Nei giorni scorsi l’attenzione mediatica si è molto concentrata sull’emendamento Costa. Si tratta di un atto parlamentare che deriva dalla direttiva 2016/343 del Parlamento europeo. Enrico Costa è figlio di Raffaele Costa, ultimo segretario del Partito Liberale Italiano. Attualmente è un deputato approdato ad Azione, proveniente da Forza Italia. Prima di Natale hanno votato a favore dell’emendamento i parlamentari della maggioranza e quelli appartenenti al vecchio terzo polo. Hanno votato contro Pd, 5 Stelle, Verdi e Sinistra Italiana. Ora la legge è al Senato. Le polemiche nascono dallo spauracchio della deriva autoritaria sottesa alla norma e da un fantomatico “bavaglio” che questa comporterebbe per la stampa.



L’emendamento Costa infatti vieta la pubblicazione del testo delle ordinanze di custodia cautelare e delle intercettazioni fino all’udienza preliminare. Il provvedimento restaura la situazione esistente fino al 2017, quando era proibito propagandare certi contenuti. Senza arrivare all’invito a comparire recapitato pubblicamente a Silvio Berlusconi mentre nel 1994 presiedeva a Napoli la conferenza internazionale sulla criminalità organizzata, basta pensare al giudice Ingroia, che ha rivelato, dopo la loro distruzione, il contenuto di alcune intercettazioni del presidente Giorgio Napolitano. Intercettazioni abusive da lui stesso ordinate.  Mi viene da dire “Maramaldo tu uccidi un uomo morto”. Solo questi due fatti ci bastano per capire il vulnus legale sanato, con l’emanazione di questo atto, rispetto alla presunzione di innocenza. Le misure cautelari non sono sentenze ma strumenti giudiziari per evitare la fuga, l’inquinamento delle prove e la reiterazione dei reati. Le misure cautelari, dopo la loro attuazione, sono soggette a revisione da parte del Tribunale del riesame, che le potrebbe addirittura annullare. Succede. Fate pure fact-checking se credete, ma la metà degli arrestati viene poi assolta. Senza contare che Il Web non dimentica. Gli atti rimbalzano nella rete in eterno. Il danno di atti irrilevanti processualmente ma pubblicati resterà anche dopo l’assoluzione piena.

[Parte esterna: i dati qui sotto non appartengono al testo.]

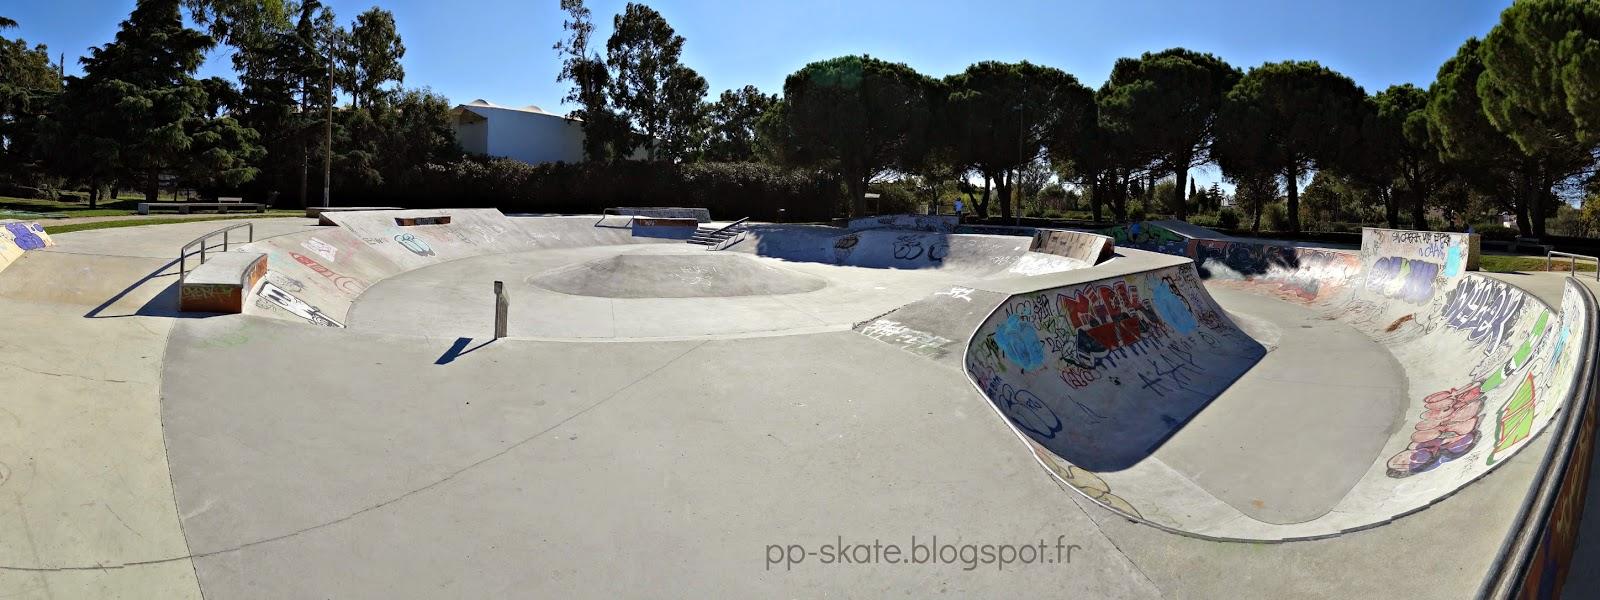 skatepark bowl Fos sur mer

La norma non prevede bavaglio, come dice l’opposizione, perché i giornalisti potranno pubblicare comunque le notizie senza limitazione e potranno illustrare nei particolari il contenuto delle ordinanze. Non potranno pubblicare integralmente il testo delle ordinanze. Sarà più difficile gettare il fango nel ventilatore mediatico. Di sicuro verranno limitati rapporti poco corretti tra pm e giornalisti. Non ci sarà danno per gli indagati. Infatti la pubblicazione integrale dell’ordinanza con intercettazioni allegate, prima della condanna, anzi prima della fine delle indagini preliminari, con il comportamento della stampa nostrana non è mai stato di giovamento a nessuno. Grazie a Costa magari, si tornerà a credere che le sentenze le facciano i giudici nei tribunali piuttosto che i pubblici ministeri e i giornalisti sui media.



Chi fa informazione dovrebbe avere ben chiara la differenza tra notizia e propaganda, tra giornalismo e militanza politica in salsa grillina. Il tanto peggio tanto meglio insito nel principio dell’uno vale uno alla fine porta alla partigianeria del più bieco populismo. Diritto di cronaca non significa radere al suolo le vite degli indagati per punirli, secondo il nostro metro, prima del processo.

Per concludere possiamo solo dire che la presunzione di innocenza è un cardine del nostro diritto millenario. E una cosa che i nostri antenati hanno insegnato al mondo. Difenderlo dagli attacchi dei manettari per convenienza elettoral-populista dovrebbe essere una cifra della nostra civiltà. Questo Governo dovrebbe coltivare l’intesa su questo argomento con Italia viva e Azione. Analogamente dovrebbe seguire il ministro Carlo Nordio, sulla cui imparzialità e assoluta fedeltà al diritto non è possibile dubitare, per riformare la nostra sofferente giustizia.